Song solves the speed problem with computing acceleration. “We speed up the software with a home-brewed FPGA acceleration chip, like DRAGEN from Edico Genome does,” he says. The DRAGEN (Dynamic Read Analysis for GENomics) Bio-IT Platform⁴ speeds analysis of NGS data, from hours to minutes, using field programmable gate array (FPGA) technology. Last year, Illumina acquired the start-up Edico Genome to incorporate DRAGEN into Illumina’s genomic data-analysis tools. In September 2019, Illumina and the Broad Institute announced a collaboration to create open-source analysis software that combines the strengths of both DRAGEN and GATK.

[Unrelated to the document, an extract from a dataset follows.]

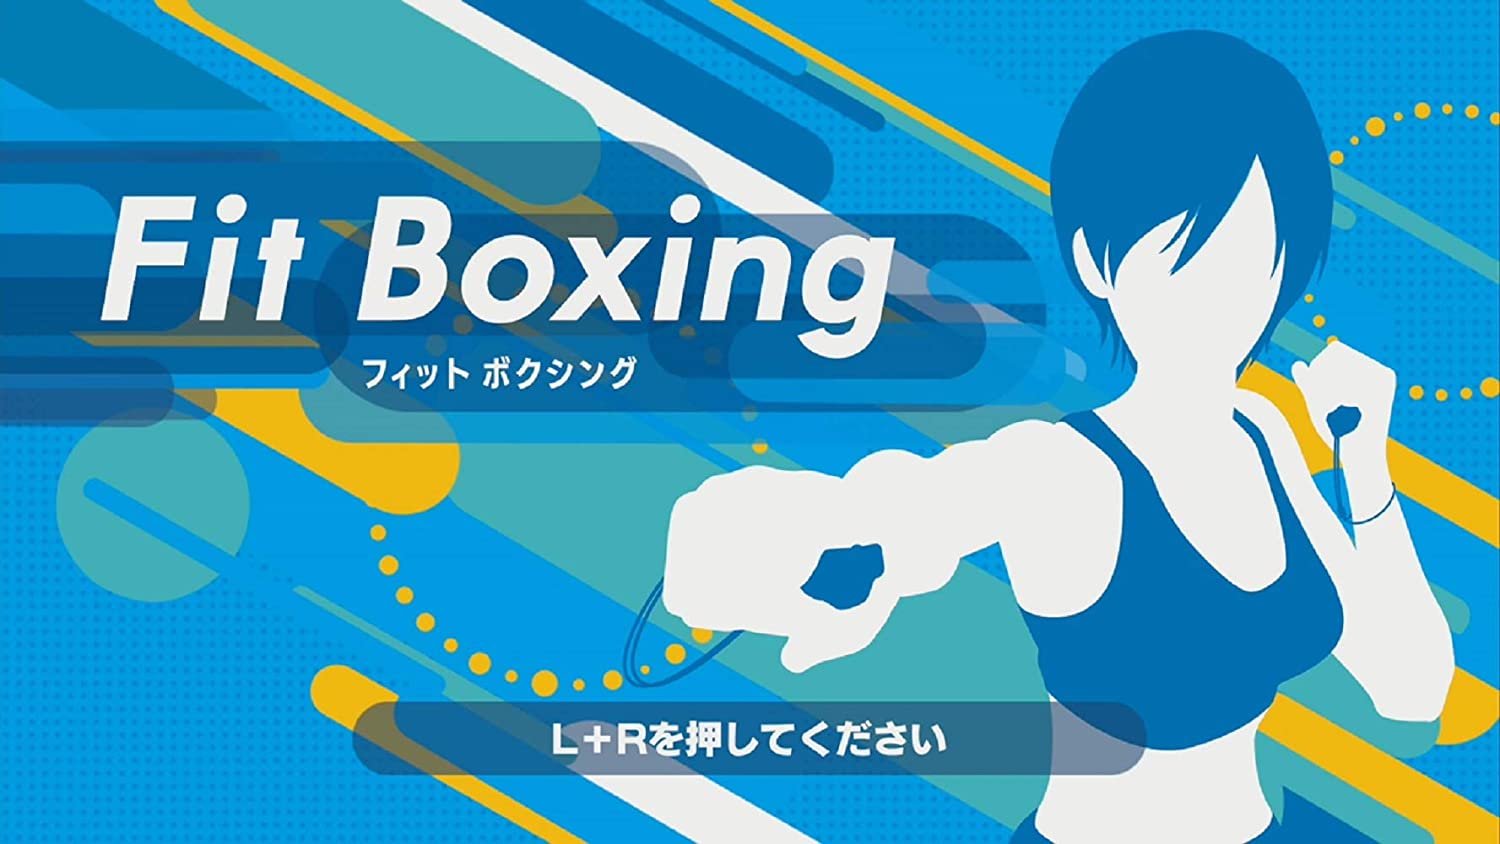 Fit boxing

Analysis of third-generation WGS data faces “growing pains,” in that the algorithms used to assemble its long sequence reads are still under active development. “The biggest challenge is to keep third-generation WGS analysis results updated,” says Song. “Researchers may have to recalculate or combine their data with different algorithms.” He uses two types of software for assembling third-generation WGS data: wtdbg2⁵ and CANU⁶. “Among them, wtdbg2 is new and fast, and CANU is older but widely used,” says Song.

In the cloud

As WGS becomes feasible in clinical research and even therapeutics, there is an increasing need to reduce both the cost and the time of analysis. One solution is using cloud computing for the massive calculations needed for WGS analysis. Song and colleagues recently published a system to do this called GT-WGS⁷, which won first place in the high performance genomics computing competition held by the International Congress of Genomics. GT-WGS returns results in minutes with accuracy comparable to the well-known GATK. It takes advantage of the dynamic pricing of Amazon Web Services (AWS) to reduce the cost of large-scale WGS analysis dramatically.

Song and colleagues have developed parallel cloud computing versions of their chosen analysis solutions. The FPGA-based acceleration system, GTX.one, replaces BWA+GATK for analysis of second-generation WGS data, and a parallel cloud-computing version of CANU is used for third-generation WGS data. They also developed GTX.Zip (also called GTZ)⁸ to help researchers with large-scale population WGS data analysis, after observing people “trying to re-invent the wheel” in computing, compressing, and transporting WGS data, says Song. GTZ is a compression and cloud transmission tool with a particularly high compression rate for genetic data, using FASTQ files (a common file format for NGS data).

“The good news is that with the increasing volume of data, problems related to scale will be overcome soon enough,” says Song. “Bioinformatics combined with high-performance computing is the future.”